# Information given:
□ □ □ □ □
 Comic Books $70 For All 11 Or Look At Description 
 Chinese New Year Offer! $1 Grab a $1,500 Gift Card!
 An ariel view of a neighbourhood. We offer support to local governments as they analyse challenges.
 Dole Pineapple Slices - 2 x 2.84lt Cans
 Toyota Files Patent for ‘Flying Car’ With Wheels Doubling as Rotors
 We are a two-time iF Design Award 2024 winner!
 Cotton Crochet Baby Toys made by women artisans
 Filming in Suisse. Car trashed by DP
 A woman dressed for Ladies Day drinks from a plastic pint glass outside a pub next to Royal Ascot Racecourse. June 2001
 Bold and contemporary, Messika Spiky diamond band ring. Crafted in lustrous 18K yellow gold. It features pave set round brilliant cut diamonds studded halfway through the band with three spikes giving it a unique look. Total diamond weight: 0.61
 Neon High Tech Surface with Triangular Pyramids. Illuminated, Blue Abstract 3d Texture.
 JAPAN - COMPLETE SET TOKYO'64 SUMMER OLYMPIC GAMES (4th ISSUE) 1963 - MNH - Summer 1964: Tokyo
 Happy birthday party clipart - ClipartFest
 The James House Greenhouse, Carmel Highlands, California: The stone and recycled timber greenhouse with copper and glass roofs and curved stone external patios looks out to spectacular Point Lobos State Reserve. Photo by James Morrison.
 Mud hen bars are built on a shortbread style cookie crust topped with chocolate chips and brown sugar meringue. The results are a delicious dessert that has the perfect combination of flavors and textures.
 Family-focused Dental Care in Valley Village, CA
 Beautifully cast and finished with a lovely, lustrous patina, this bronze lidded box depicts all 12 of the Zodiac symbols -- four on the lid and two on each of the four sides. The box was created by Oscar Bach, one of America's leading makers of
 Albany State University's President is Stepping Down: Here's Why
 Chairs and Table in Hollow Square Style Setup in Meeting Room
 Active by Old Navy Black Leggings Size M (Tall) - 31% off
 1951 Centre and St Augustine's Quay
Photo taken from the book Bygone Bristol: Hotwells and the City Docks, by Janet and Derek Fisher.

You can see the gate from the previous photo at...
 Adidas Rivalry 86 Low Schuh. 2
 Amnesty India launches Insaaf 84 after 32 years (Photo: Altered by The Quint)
□ □ □ □ □
# Work instruction:
Copy every line of the data above in which the string "lustrous" appears.

# Answer for the task:
 Bold and contemporary, Messika Spiky diamond band ring. Crafted in lustrous 18K yellow gold. It features pave set round brilliant cut diamonds studded halfway through the band with three spikes giving it a unique look. Total diamond weight: 0.61
 Beautifully cast and finished with a lovely, lustrous patina, this bronze lidded box depicts all 12 of the Zodiac symbols -- four on the lid and two on each of the four sides. The box was created by Oscar Bach, one of America's leading makers of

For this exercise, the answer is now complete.